Authored by melifaro on Jan 7 2020, 10:31 PM.



(Part of a larger D22988 ).

Redirect (and temporal) route expiration was broken a while ago.

This change brings route expiration back, with unified IPv4/IPv6 handling code.

It introduces net.inet.icmp.redirtimeout sysctl, allowing to set an expiration time for redirected routes. It defaults to 10 minutes, analogues with net.inet6.icmp6.redirtimeout.

Implementation uses separate file, route_temporal.c, as route.c is already bloated with tons of different functions.

Internally, expiration is implemented as an per-rnh callout scheduled when route with non-zero rt_expire time is added or rt_expire is changed. It does not add any overhead when no temporal routes are present.

Callout traverses entire routing tree under wlock, scheduling expired routes for deletion and calculating the next time it needs to be run.
The rationale for such implemention is the following: typically workloads requiring large amount of routes have redirects turned off already, while the systems with small amount of routes will not inhibit large overhead during tree traversal.
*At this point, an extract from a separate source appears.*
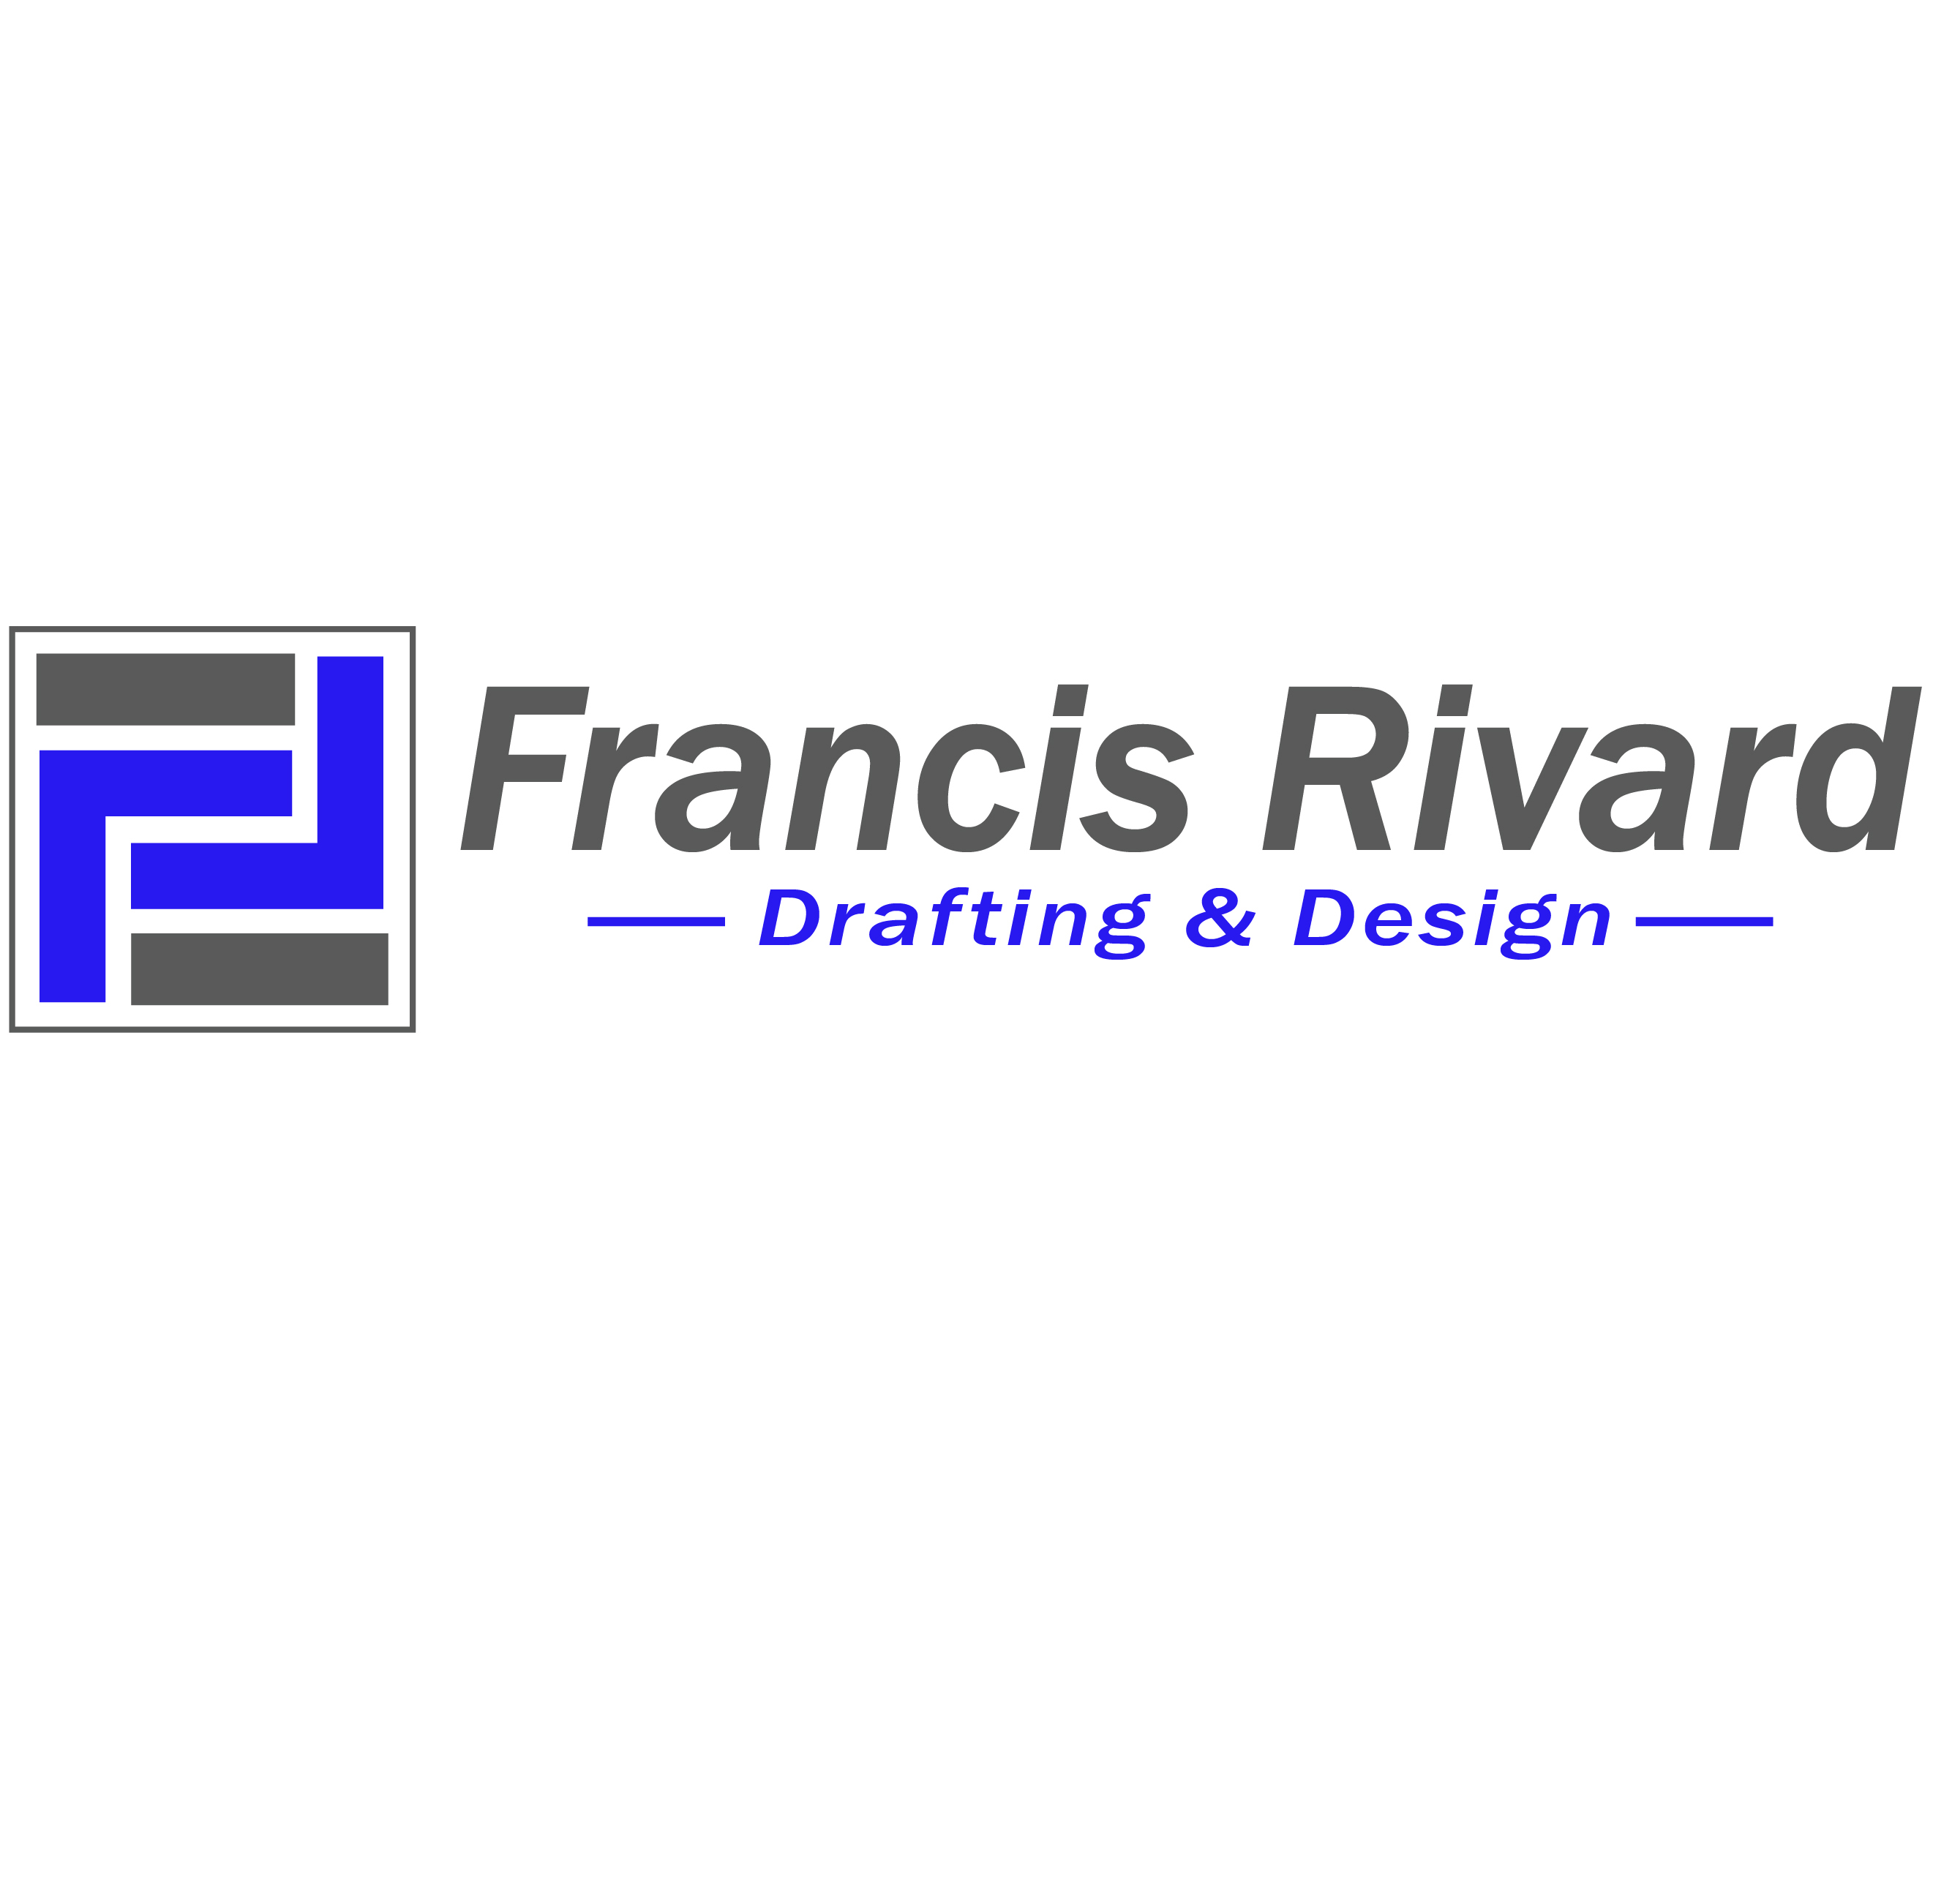 Francis Rivard Drafting & Design

To support this callout, rib_fibnum, rib_family and rib_vnet fields are added to the rhn. These will be used by the upcoming route changes as well.

This changes also fixes netstat -rn display of route expiration time, which has been broken since the conversion from kread() to sysctl.

Diff Detail

rS FreeBSD src repository
Automatic diff as part of commit; lint not applicable.
Automatic diff as part of commit; unit tests not applicable.

Event Timeline

melifaro created this revision.Jan 7 2020, 10:31 PM
melifaro edited the summary of this revision. (Show Details)Jan 7 2020, 10:33 PM
melifaro added reviewers: bz, network.
melifaro updated this revision to Diff 66564.Jan 9 2020, 6:09 PM

Update the diff to reflect the committed pre-requisites.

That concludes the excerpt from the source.